问题
Currently the code is reading the file and sort the records, as shown below,
#include"fileIO/file.h"
#define MAX_RECORD_SIZE 256 // Bad style
typedef struct{
int age;
char *lastName;
char *firstName;
}Person;
.....
int main(int argc, char *argv[]){
FILE *pFile = fopen("file.txt", "r");
....
callInsertionSort(getItemList(cache), getSize(getItemList(cache)), less);
}
where, file.txt
is,
Age,LastName,FirstName
50,B,A
30,A,B
20,X,D
10,F,A
10,A,B
90,V,E
60,N,M
Execution:
$./sort.exe Before sorting Age,LastName,FirstName 50 B A 30 A B 20 X D 10 F A 10 A B 90 V E 60 N M After sorting Age,LastName,FirstName 10 F A 10 A B 20 X D 30 A B 50 B A 60 N M 90 V E
Question:
Without using fopen()
, is there a way to get the shell to pass the contents of file.txt
as command-line arguments, one argument per line in the file, (through argv
by passing shell command (sort.exe
) parameters)?
回答1:
You can run the program as:
IFS=$'\n'
./sort.exe $(cat file.txt)
Each line of the file will then be an argument to the program (setting IFS
to just newline prevents spaces in the file from being argument delimiters).
Then the program can loop over argv
(except for argv[0]
, which contains the program name) to get all the lines to sort.
Note that there's a limit on the size of the arguments, so this method is not very scalable.

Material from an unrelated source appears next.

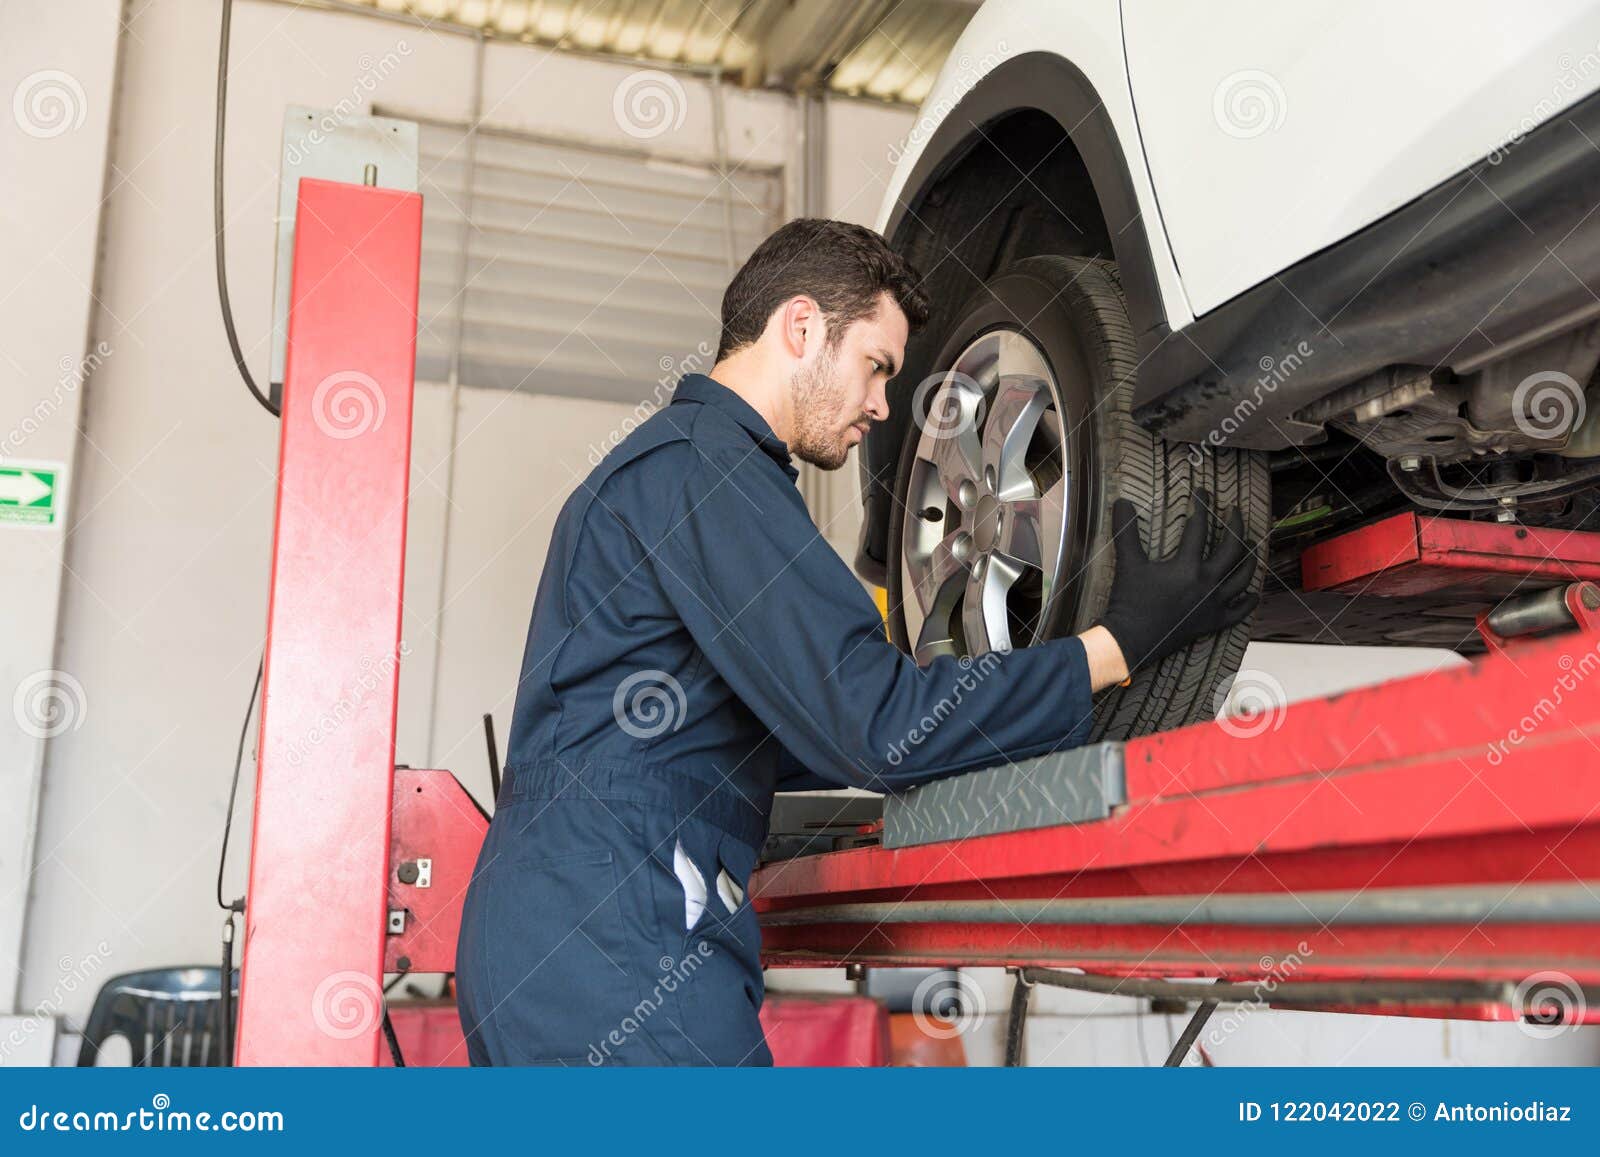 Auto Mechanic Adjusting Car Tire In Repair Shop Stock Photo Image of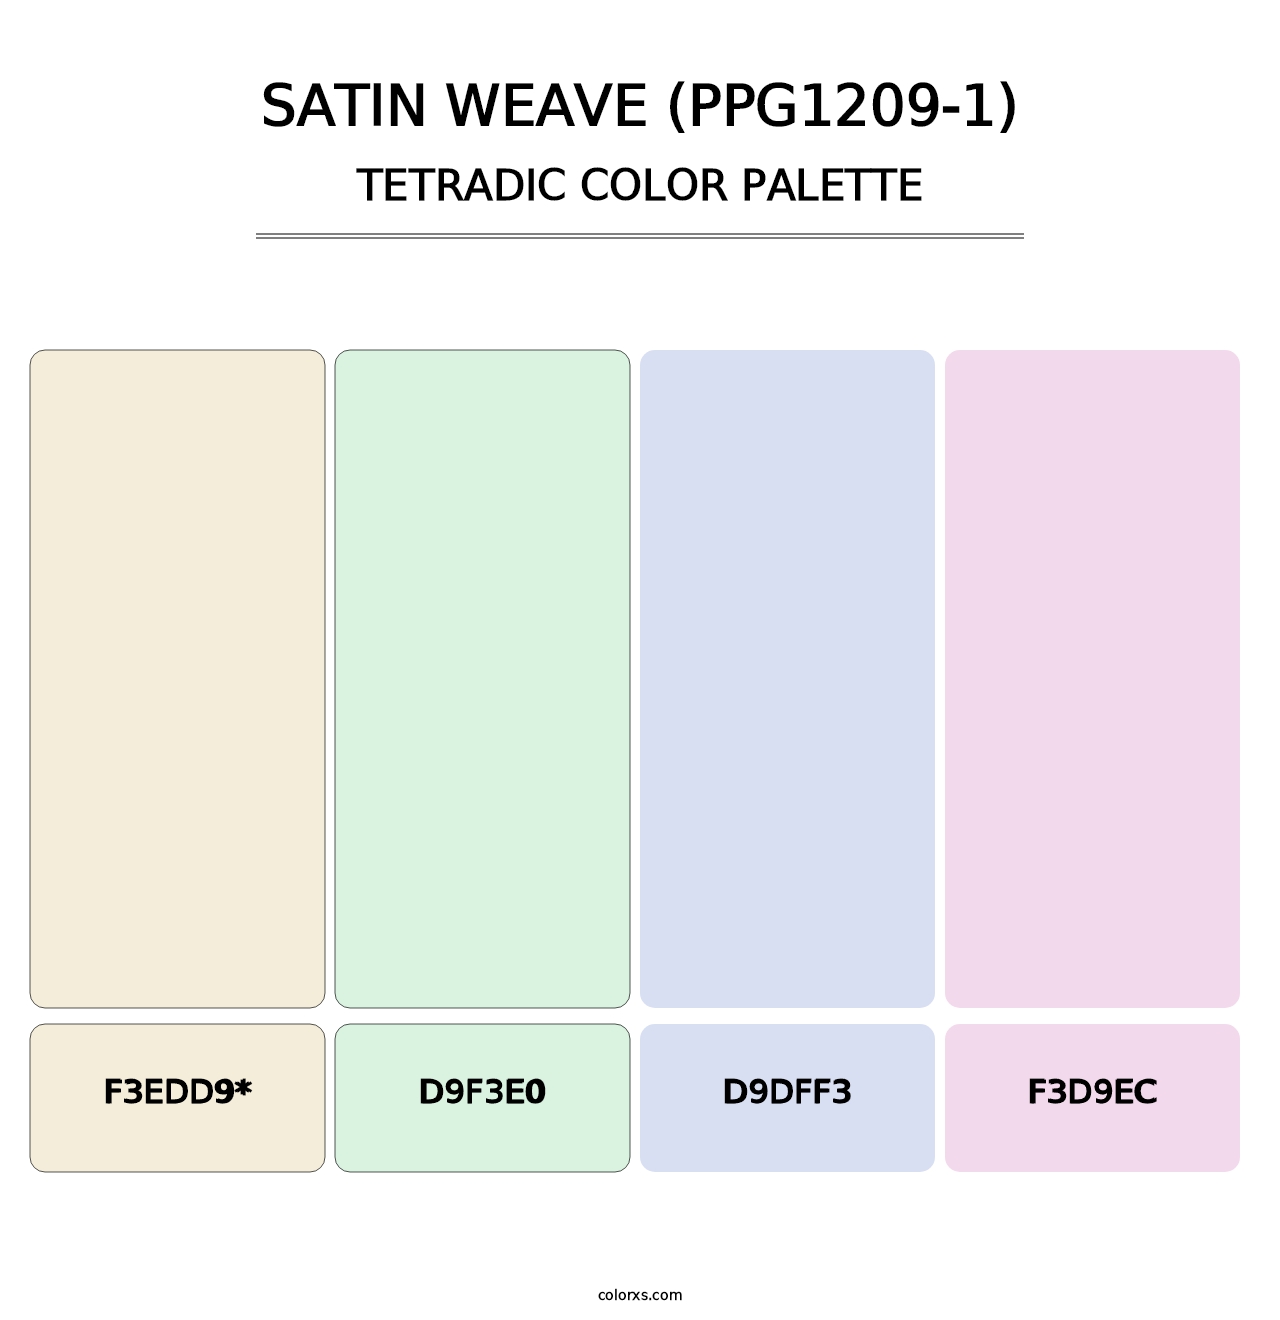 Satin Weave (PPG1209-1) - Tetradic Color Palette

Reading from the file is generally preferred.
FYI, $(cat file.txt)
can also be written as $(< file.txt)
回答2:
If the objective is to pass each line of the file as a separate command line argument to the sort.exe
program, then you will need Bash (which is in the tags) and you can use:
IFS=$'\n'; sort.exe $(cat file)
To demonstrate, take an alternative command, printf
, and a data file like this, using ⧫
to represent a blank:
verbiage
spaced⧫out
⧫leading⧫and⧫trailing⧫
⧫⧫multiple⧫⧫spaces⧫⧫everywhere⧫⧫
Running the command yields:
$ ( IFS=$'\n'; printf '[%s]\n' $(cat file) )
[verbiage]
[spaced out]
[ leading and trailing ]
[ multiple spaces everywhere ]
$
This uses the outer ( … )
to run the command in a sub-shell so that my interactive IFS
is not messed up. They're unnecessary in some other contexts.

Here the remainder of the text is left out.